= Beginning of Section =

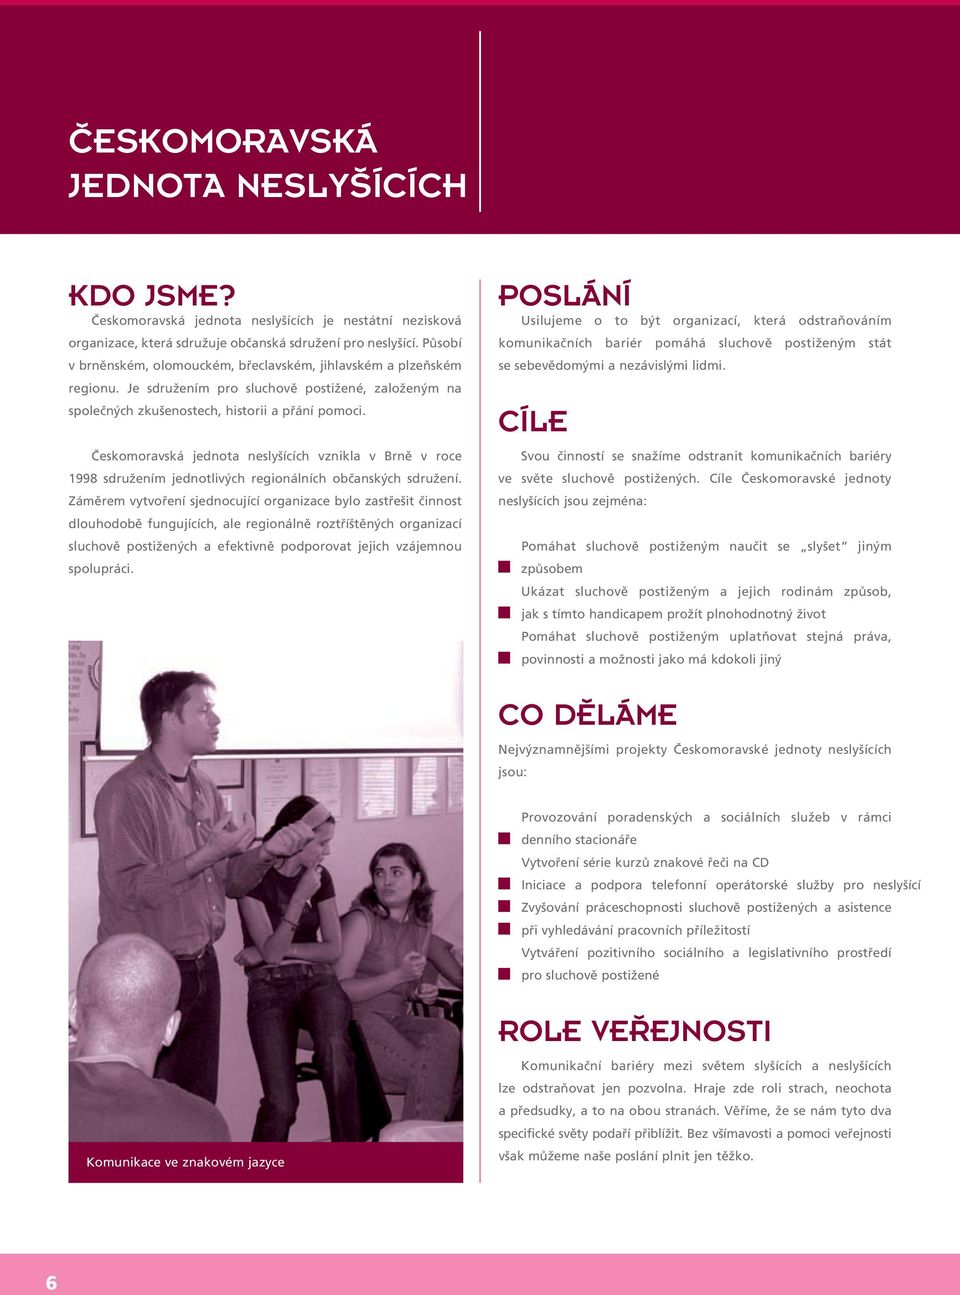 Českomoravská jednota neslyšících vznikla v Brně v roce 1998 sdružením jednotlivých regionálních občanských sdružení.
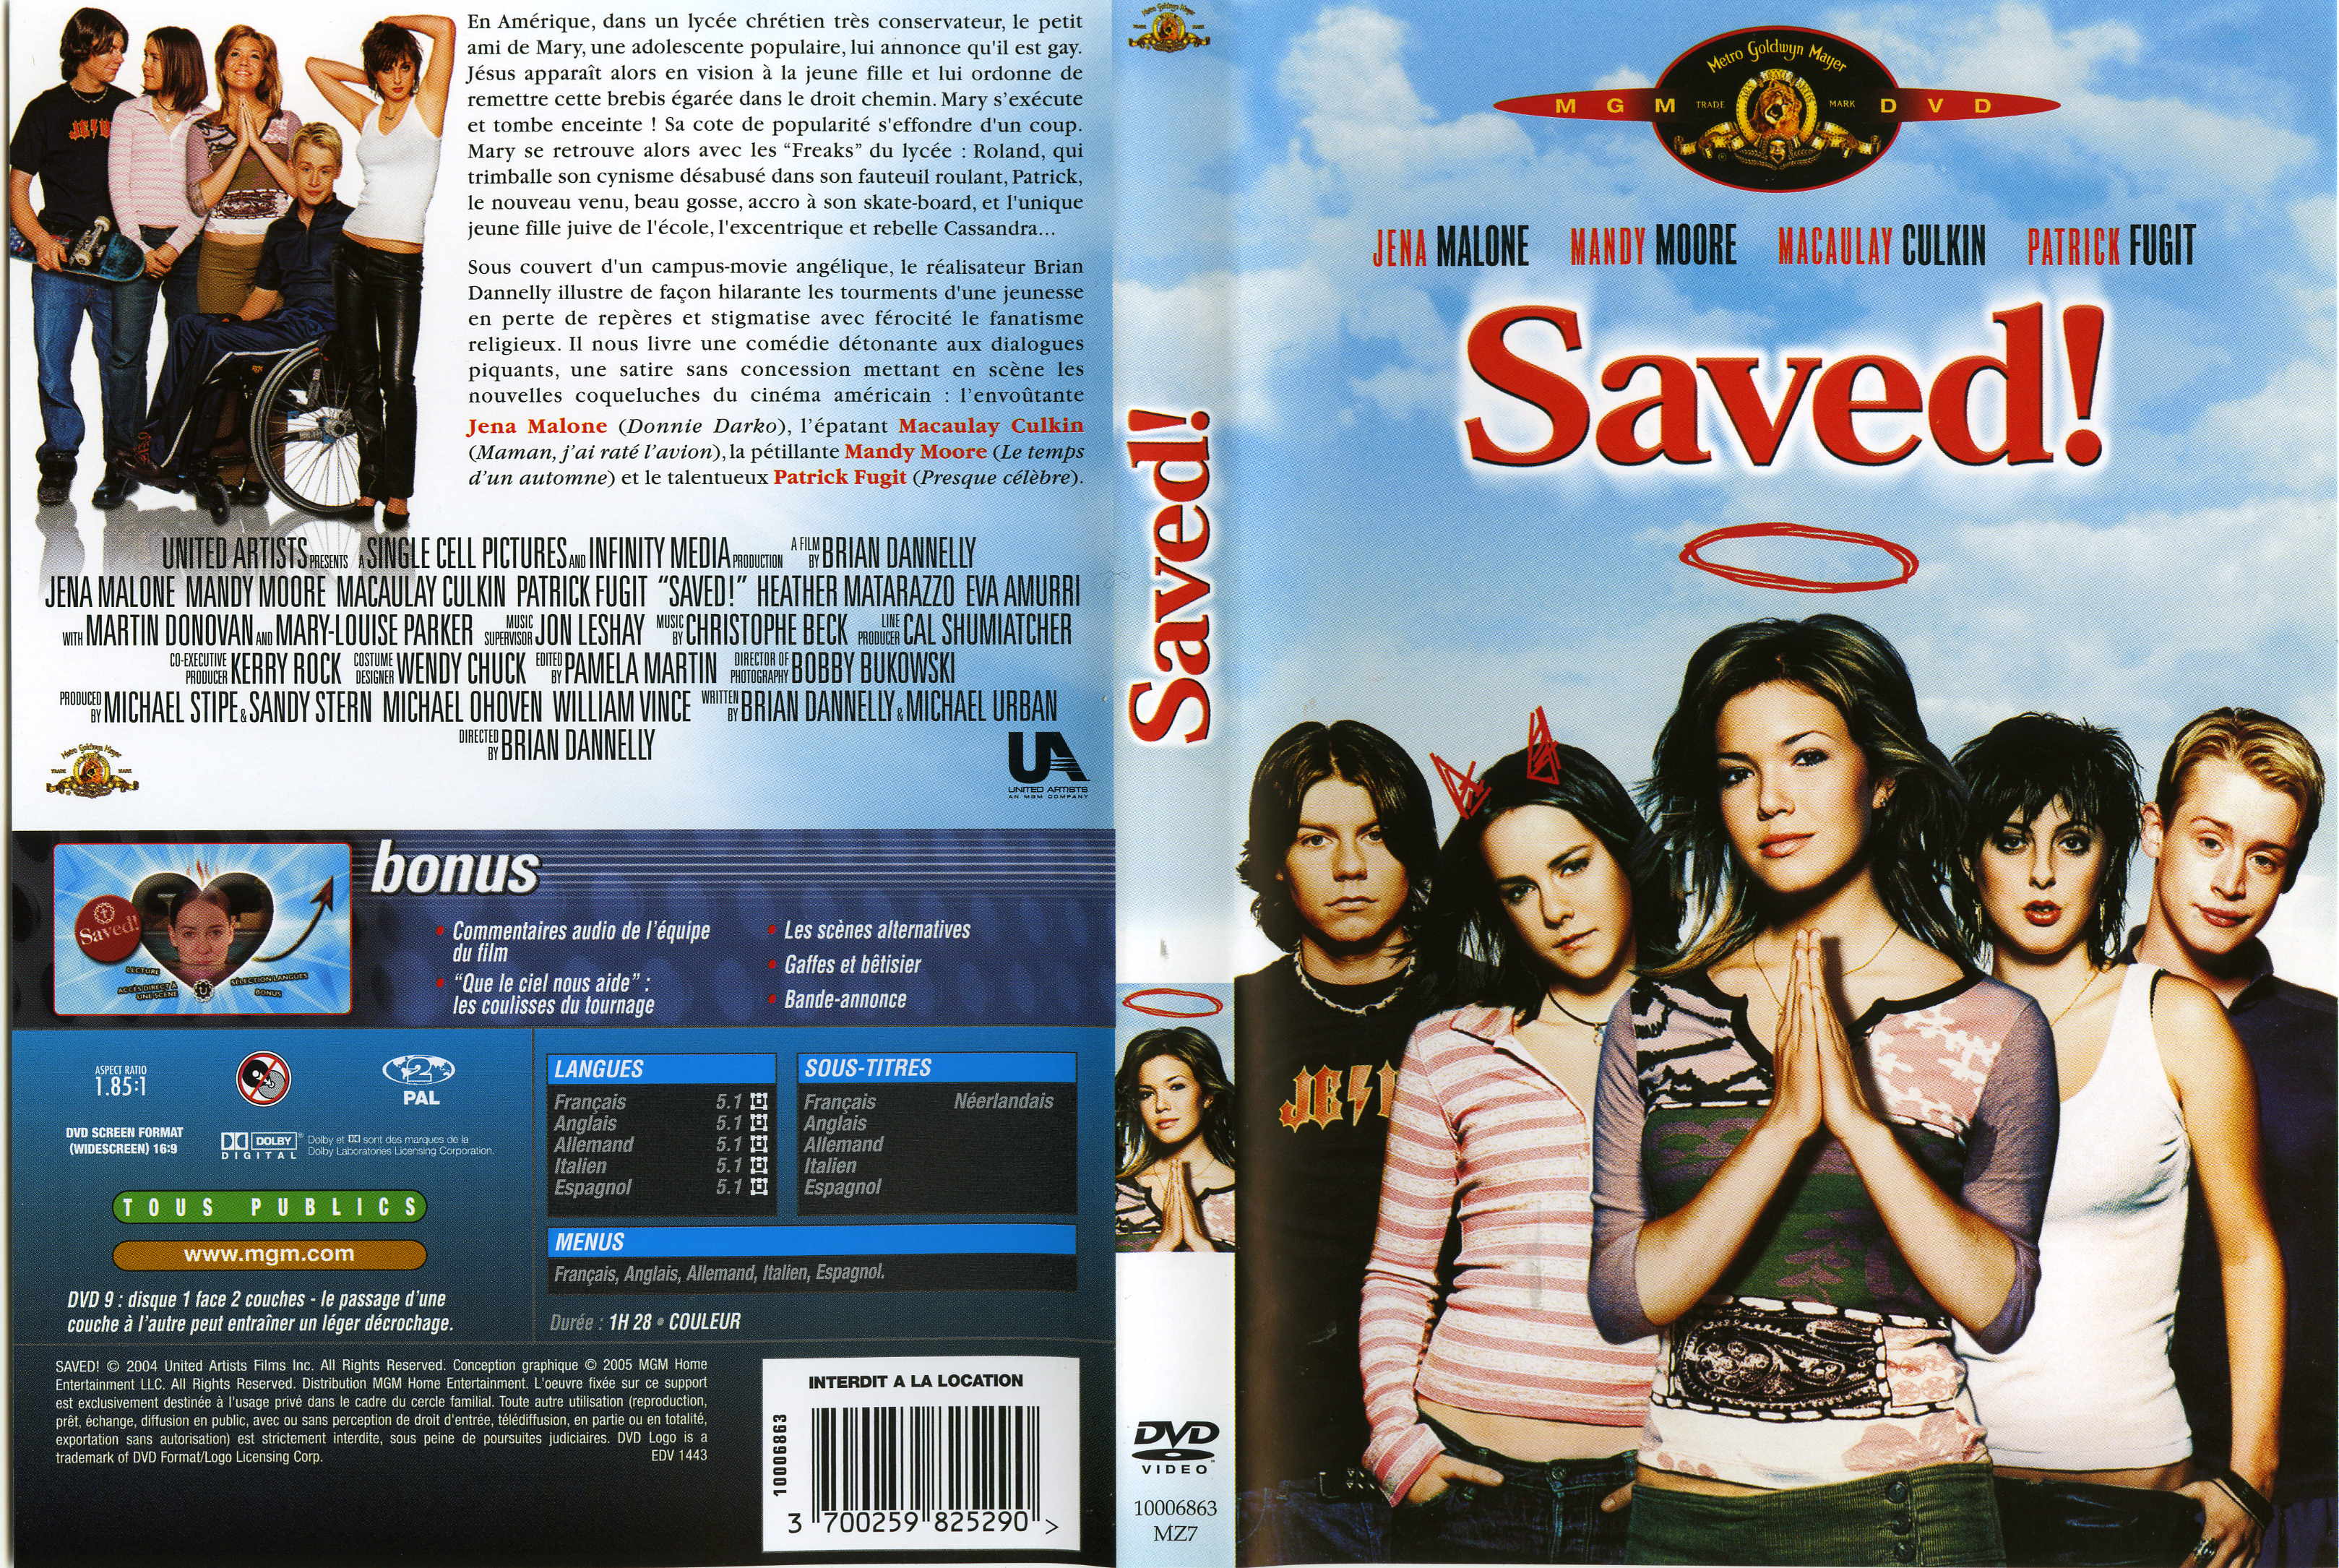 Jaquette DVD Saved v2
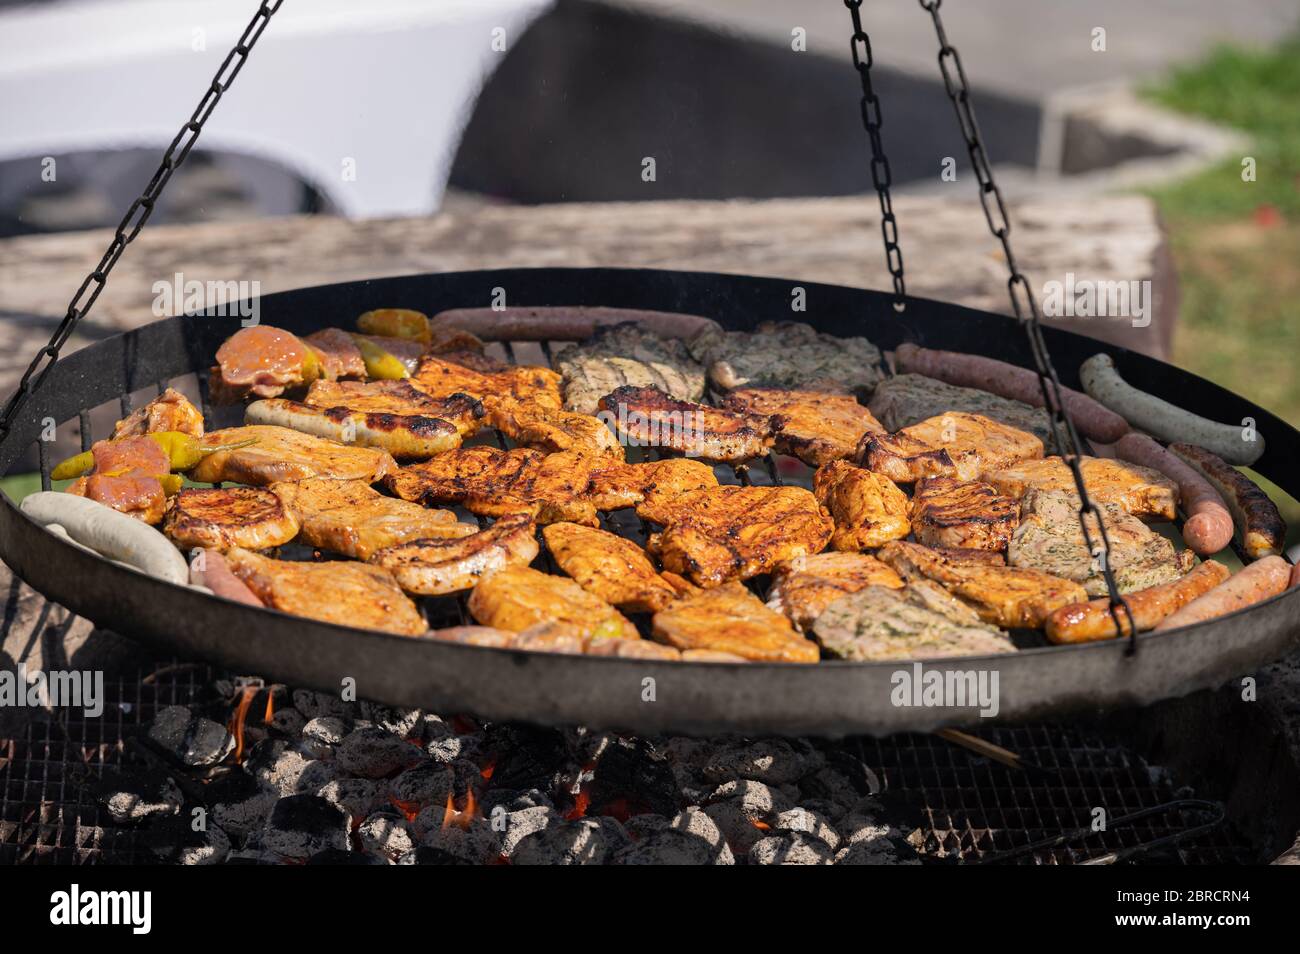 Food, Deutschland, May 20. Grillgut liegt auf einem Rost und grillt über einem Holzkohlegrill . Stock Photo

= End of Section =

→ **WHAT THE TASK ASKS**
Word for word, restate the material above; do not carry over the pictures.

→ **TASK RESULT**
 Českomoravská jednota neslyšících vznikla v Brně v roce 1998 sdružením jednotlivých regionálních občanských sdružení.
 Jaquette DVD Saved v2
 Food, Deutschland, May 20. Grillgut liegt auf einem Rost und grillt über einem Holzkohlegrill . Stock Photo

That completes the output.